• _Exercise directions_
The full listing, excluding its pictures, should be printed exactly as it stands.

BEGIN Dataset content

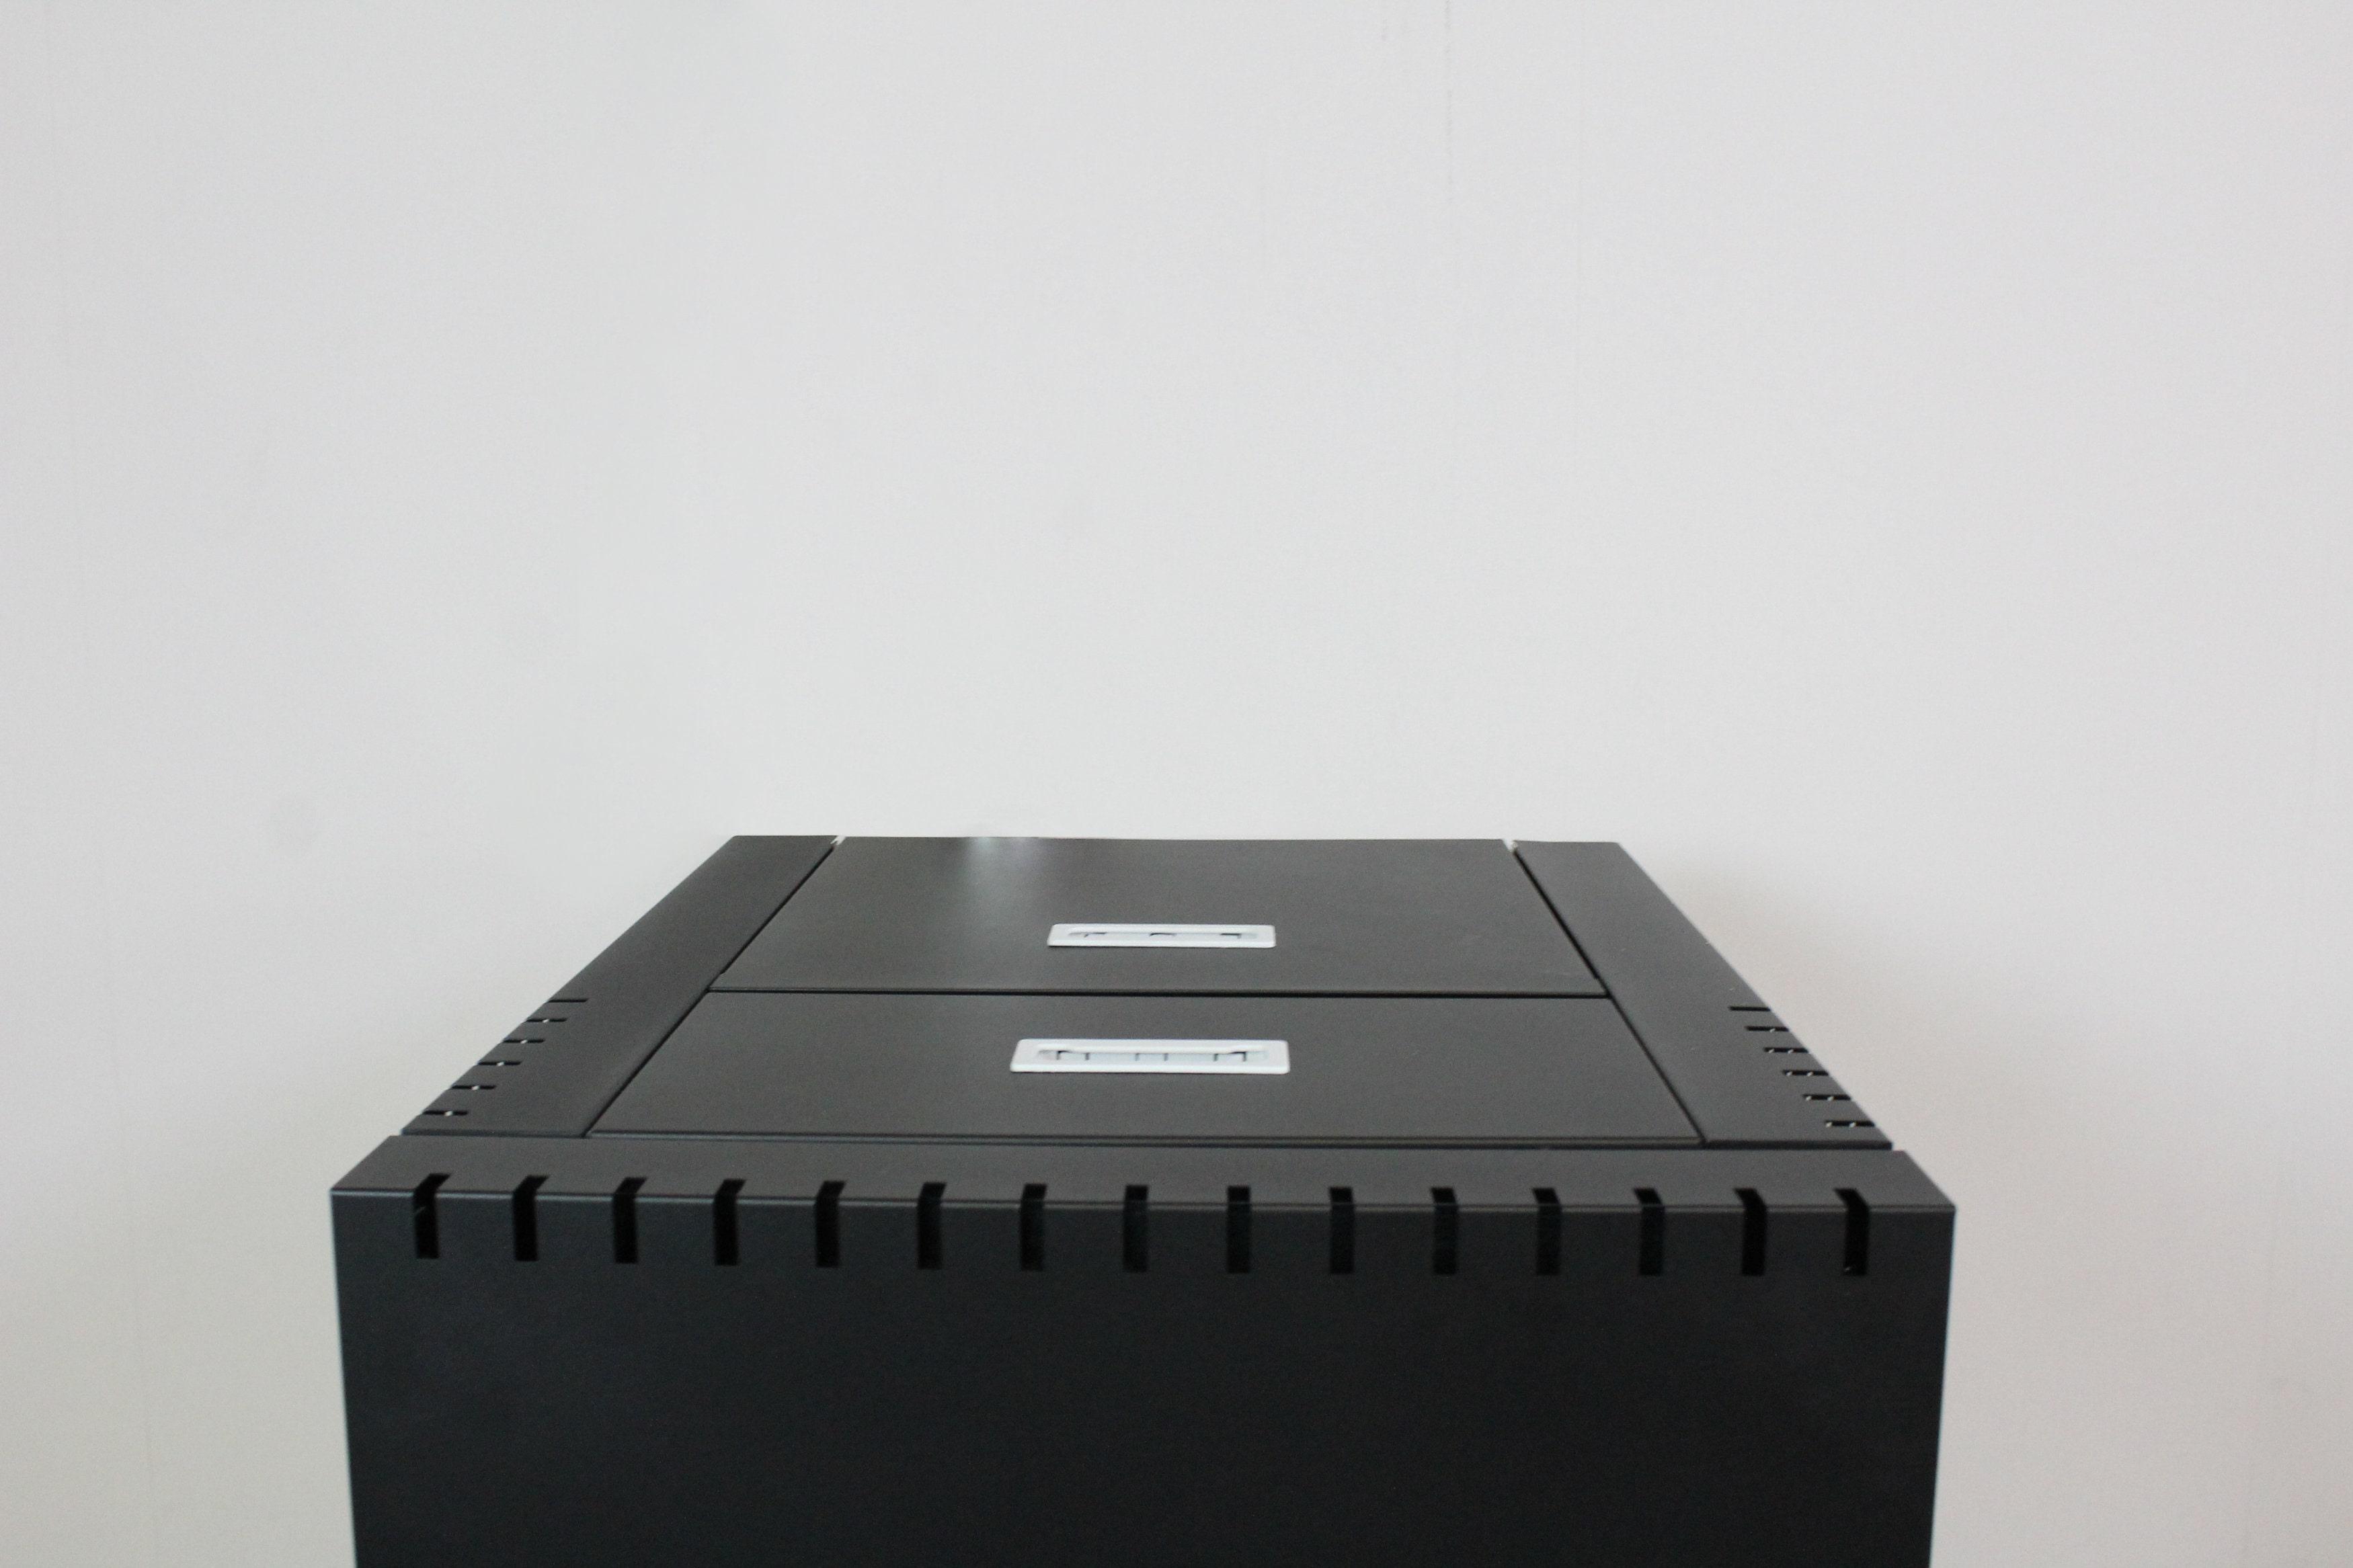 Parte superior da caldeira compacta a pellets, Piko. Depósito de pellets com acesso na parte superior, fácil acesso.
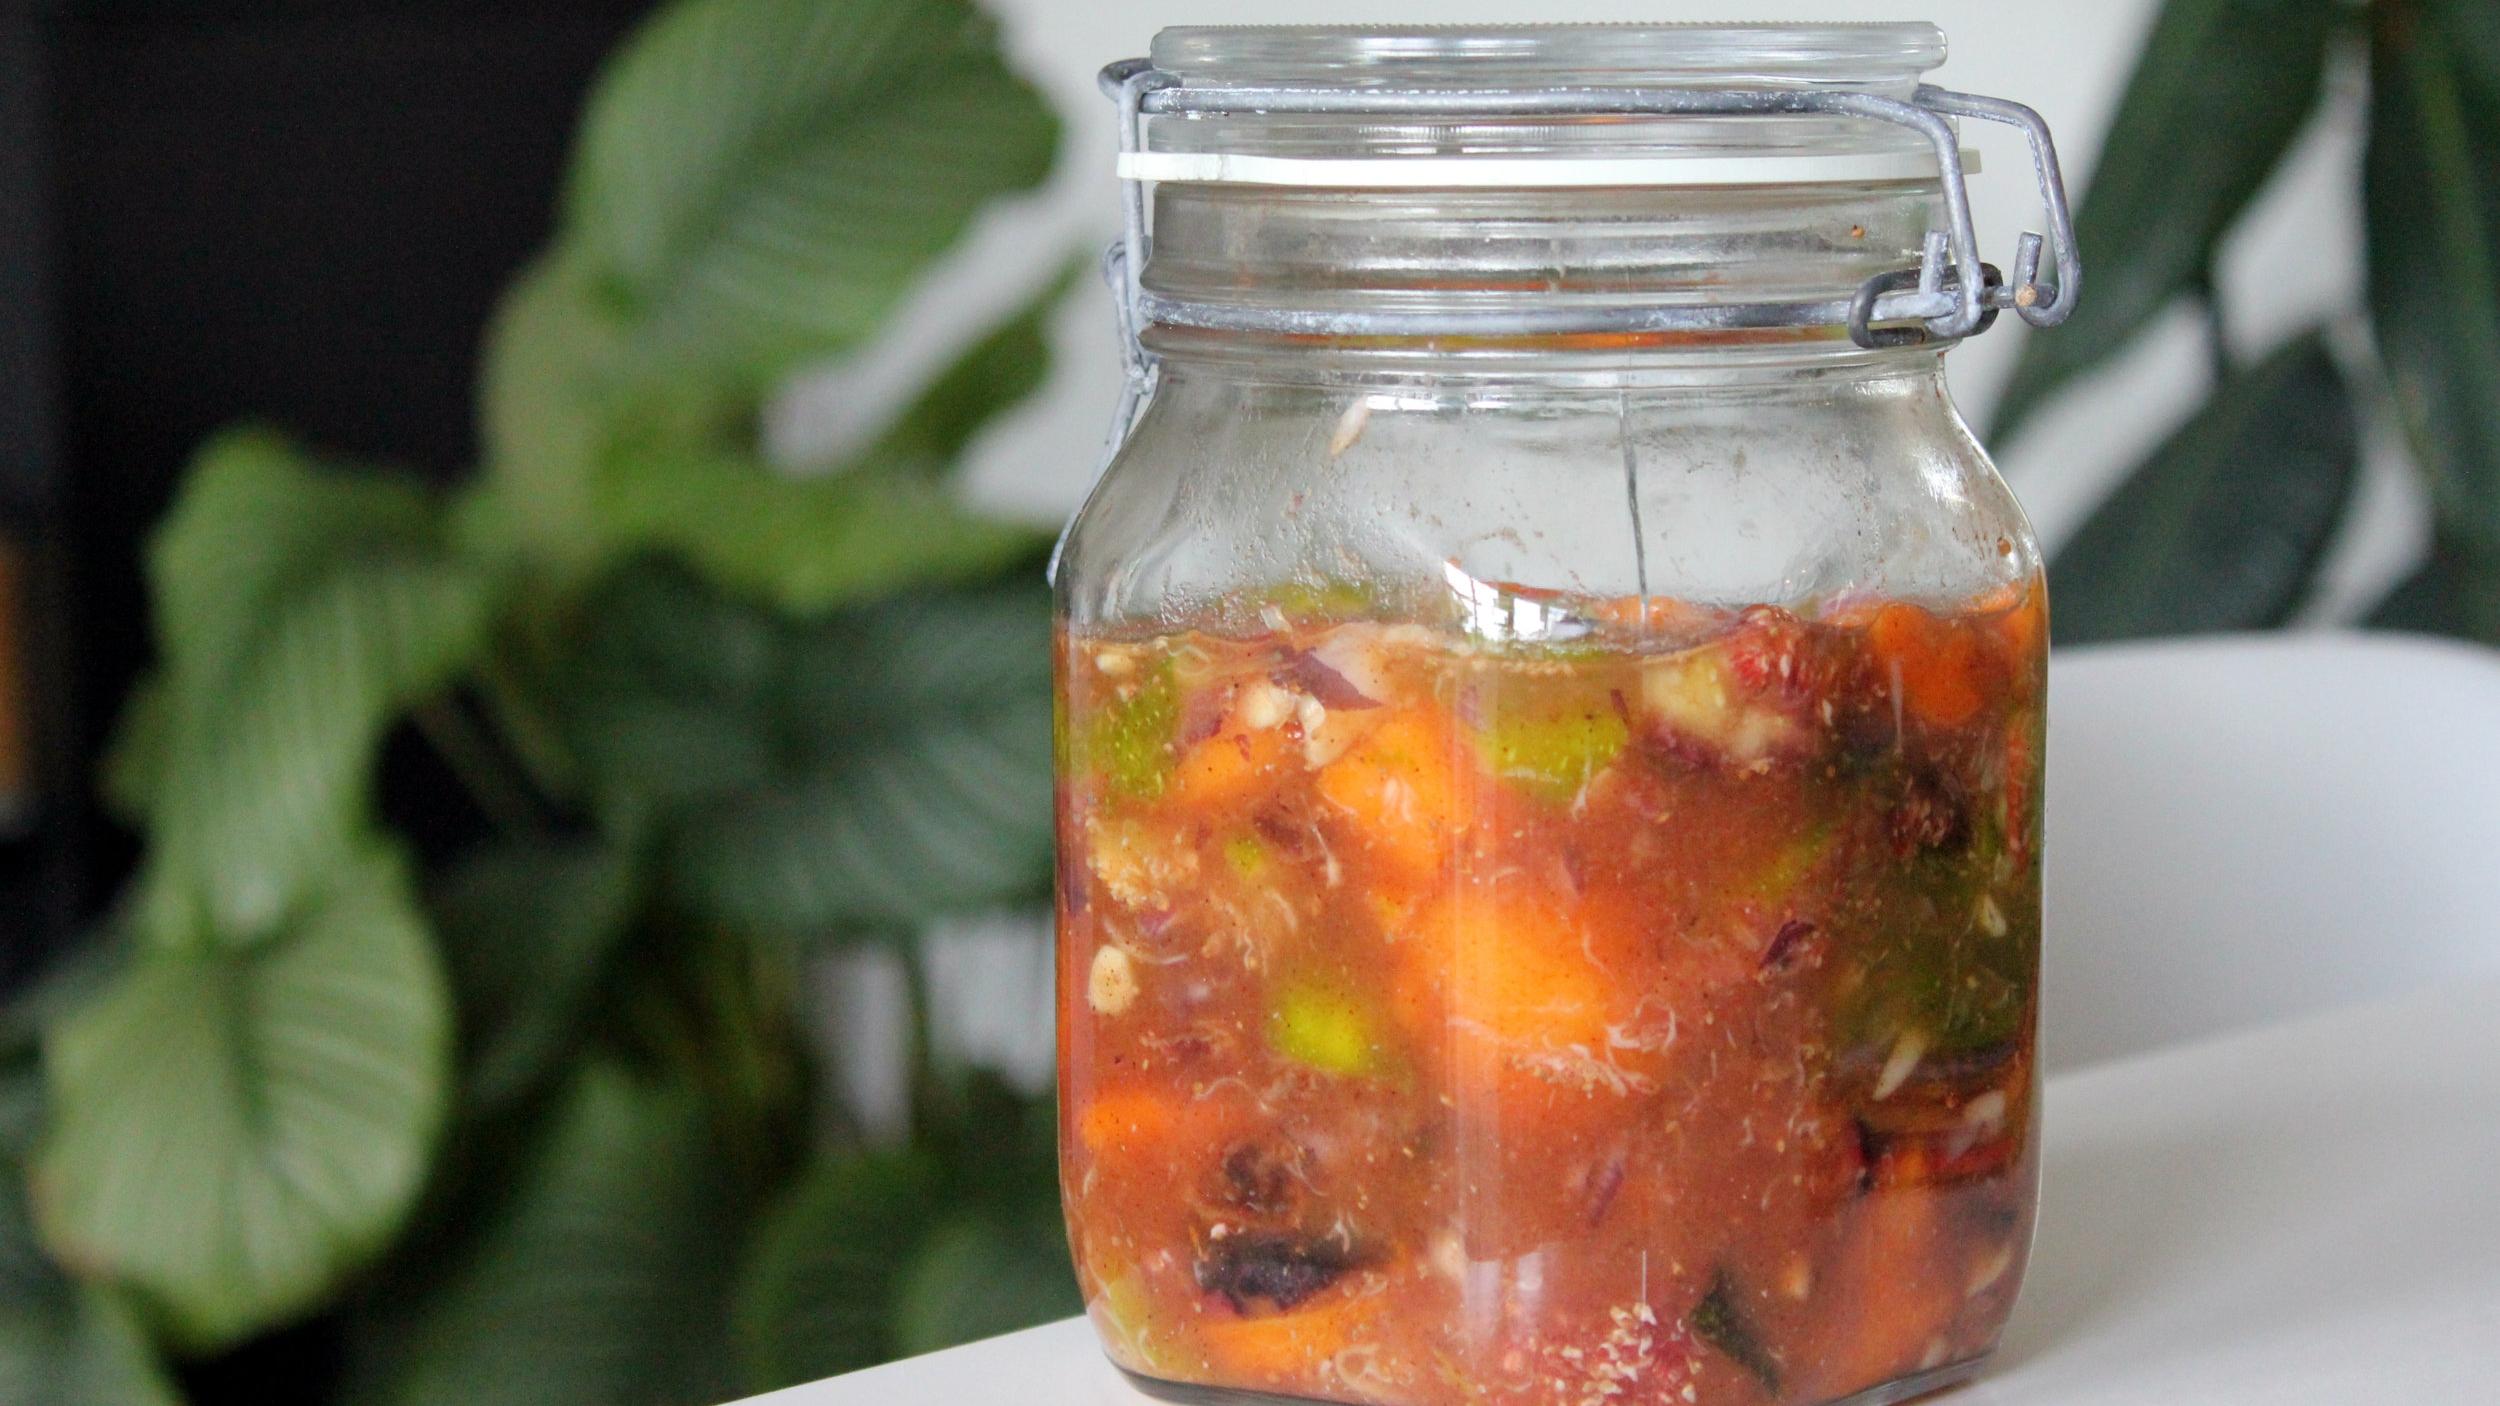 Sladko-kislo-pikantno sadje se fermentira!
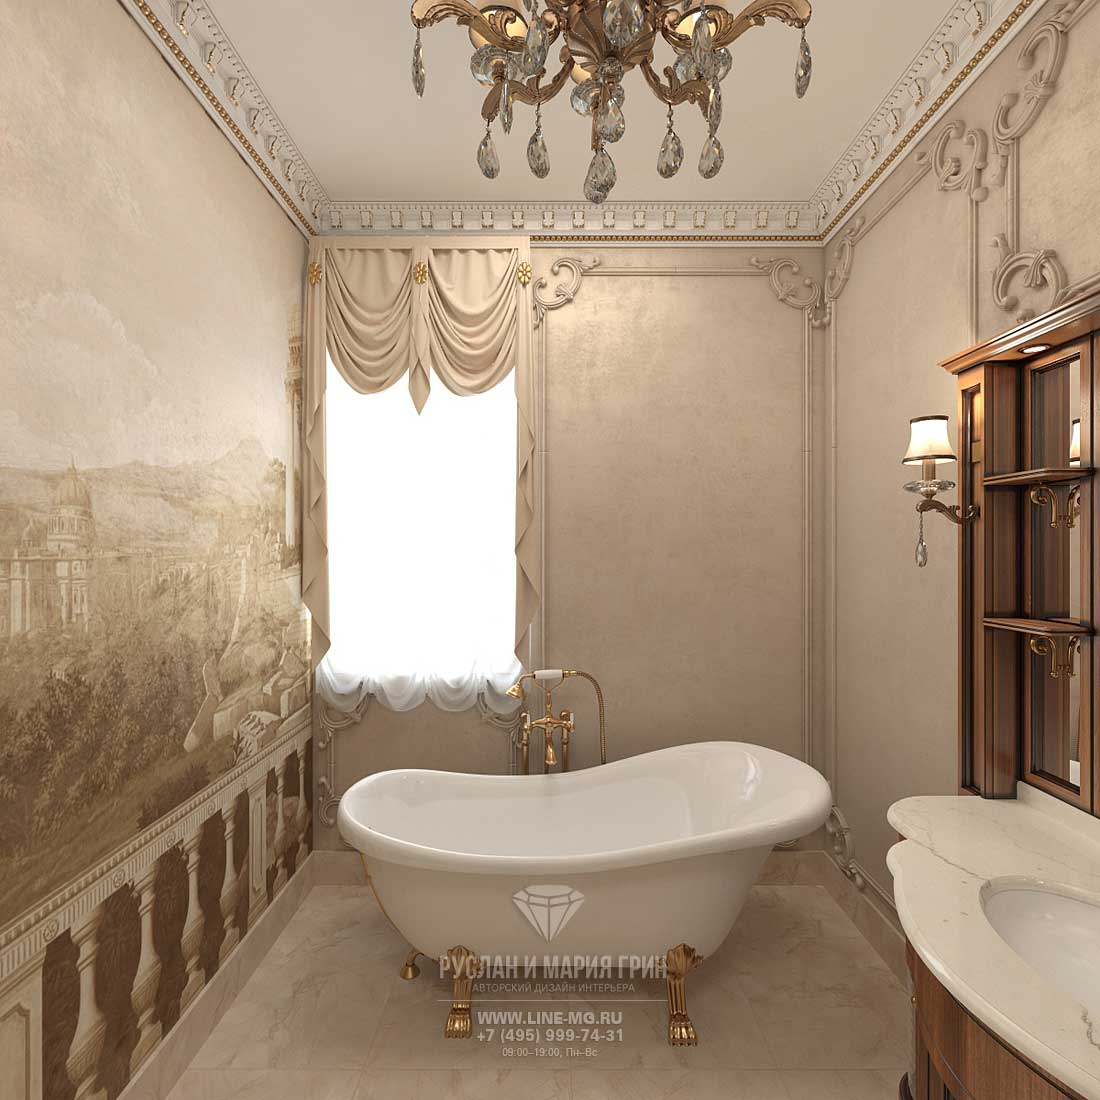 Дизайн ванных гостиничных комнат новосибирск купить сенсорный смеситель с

END Dataset content

• _Output below_
 Parte superior da caldeira compacta a pellets, Piko. Depósito de pellets com acesso na parte superior, fácil acesso.
 Sladko-kislo-pikantno sadje se fermentira!
 Дизайн ванных гостиничных комнат новосибирск купить сенсорный смеситель с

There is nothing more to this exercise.